07.09.23 (Quarter-life crisis over and exactness of Koszul complex via representation theory of Lie-Algebras)
Just came back from the second part of my vacation this year. I think I got some of my hope back (Just like in the phd simulator online text game, just duckduckgo it quickly). Enough psychological stuff: Let's go back to some good old math funfact. There is this thing called quadratic algebras. Basically you start with what is called a quadratic datum = a tuple (V,R) where V is a vector-space and R is a subspace of V\otimes V (One can work much more generally with quivers, but let's ignore this here). Out of such a quadratic datum one can define two nice objects: The algebra A=A(V,R) generated by V with relations R and the coalgebra C=C(V,R) cogenerated by V with corelations R. The first object is the quotient of the tensor algebra, by the ideal generated by R and the second object is some nice graded sub-coalgebra of the tensor coalgebra (looks just like the tensor algebra, but has the deconcatenation coproduct). Just that you have some intuition: A and C lie on opposite sides of the world: If A is big, C is small and if C is big, A is small. Let's look at an example.
There is the example of such quadratic datum. Namely take V any vector space and R the space of symmetric size 2 tensors. The algebra you get here is the exterior algebra and the coalgebra is the symmetric coalgebra, i.e. all the S_n invariants in V^{\otimes n} build into one nice coalgebra. One can also start with R the space of antisymmetric tensors, such that the algebra you get is the symmetric algebra and the coalgebra one get's is the exterior coalgebra. Anyways out of this one can construct the Koszul complex by tensoring the algebra A with the coalgebra C and using the grading in C as homological degree. This yields a complex of left A-modules, which sometimes is exact. If it is exact, we call the algebra A Koszul and C it's Koszul dual coalgebra. However this is not always the case, even from this description it is nontrivial that this works for the exterior algebra and symmetric coalgebra. However I want you to notice: any vector space V is a representation of the Lie algebra gl(V). By construction the Koszul complex in our example is some complex of representations of gl(V) (or sl(V) for that matter), so one can use representation theory of semisimple Lie-algebras including highest weight vectors to control everything going on in the complex.
Conclusion: If you have some functorial construction F: Vect -> some category on vector spaces, it usually turns a vector space V, into some other object F(V) which becomes a representation of gl(V). For instance the category on the right might be some chain complex which is canonically a complex of gl(V) modules.
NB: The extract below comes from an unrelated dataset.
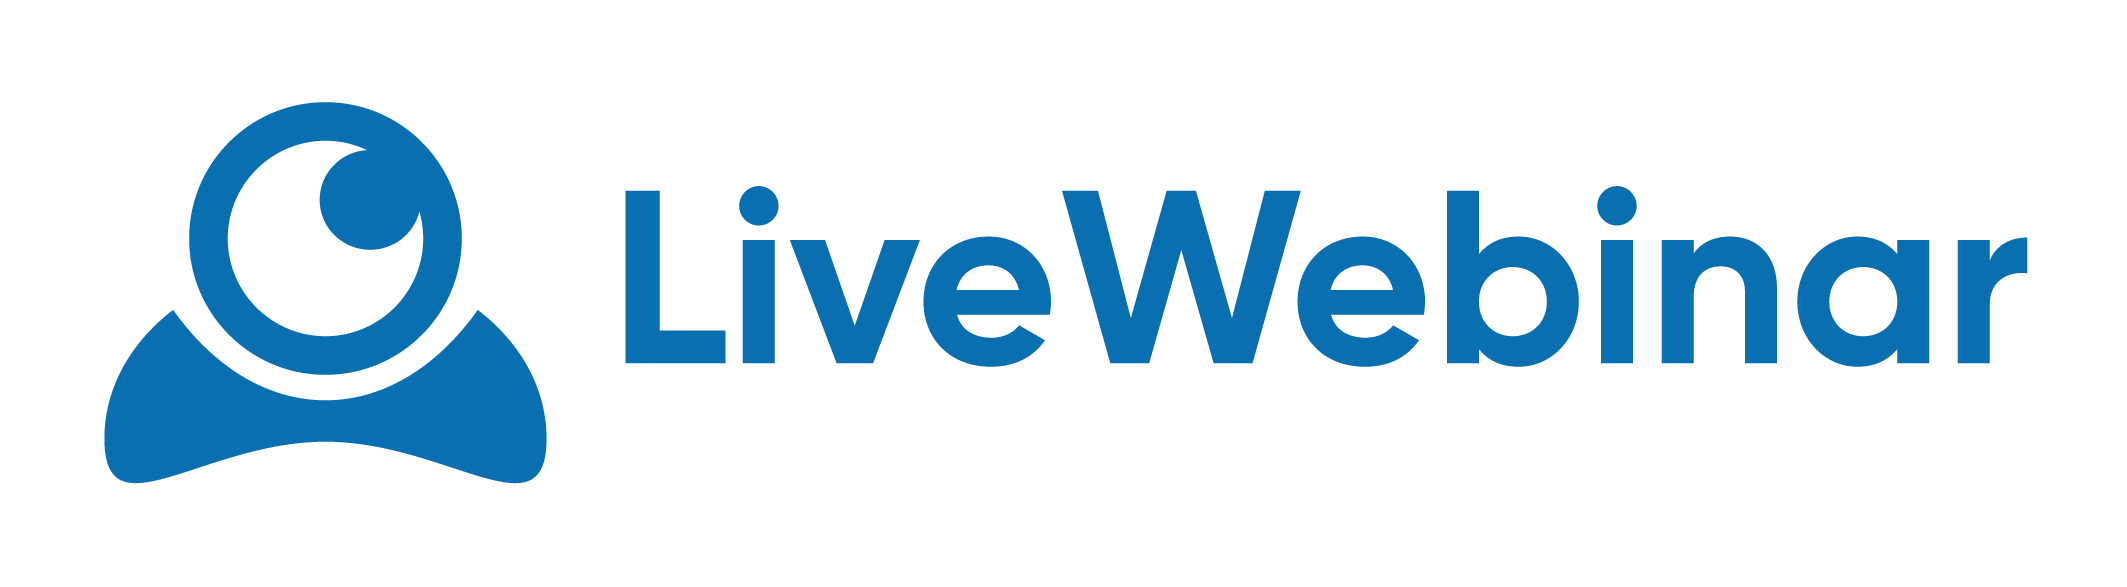 LiveWebinar logo in blue letters on a transparent background.

Never forget that you can use your Lie-algebra tools to throw at such constructions.
16.08.23 (Quarter-life crisis and new project on Gerstenhaber cohomology)
Just came back from the first part of my vacation this year. My first PhD year is coming to a close and I haven't published yet, which is pretty depressing. Recently I heard about what people call a quarter-life crisis - I think I have it. However I have also some fresh energy from the vacation. Me, my advisor and Niels Kowalzig work on a Gerstenhaber cohomology project. Basically trying to figure out the connection between Gerstenhaber algebras and Hopf algebras. The project is pretty structure theoretic, which is not quite my thing. However Hopf algebras and Lie algebras are nice, so in the end it might end up being good. Let's see what the future brings and look optimistically towards a time, where I published my first paper.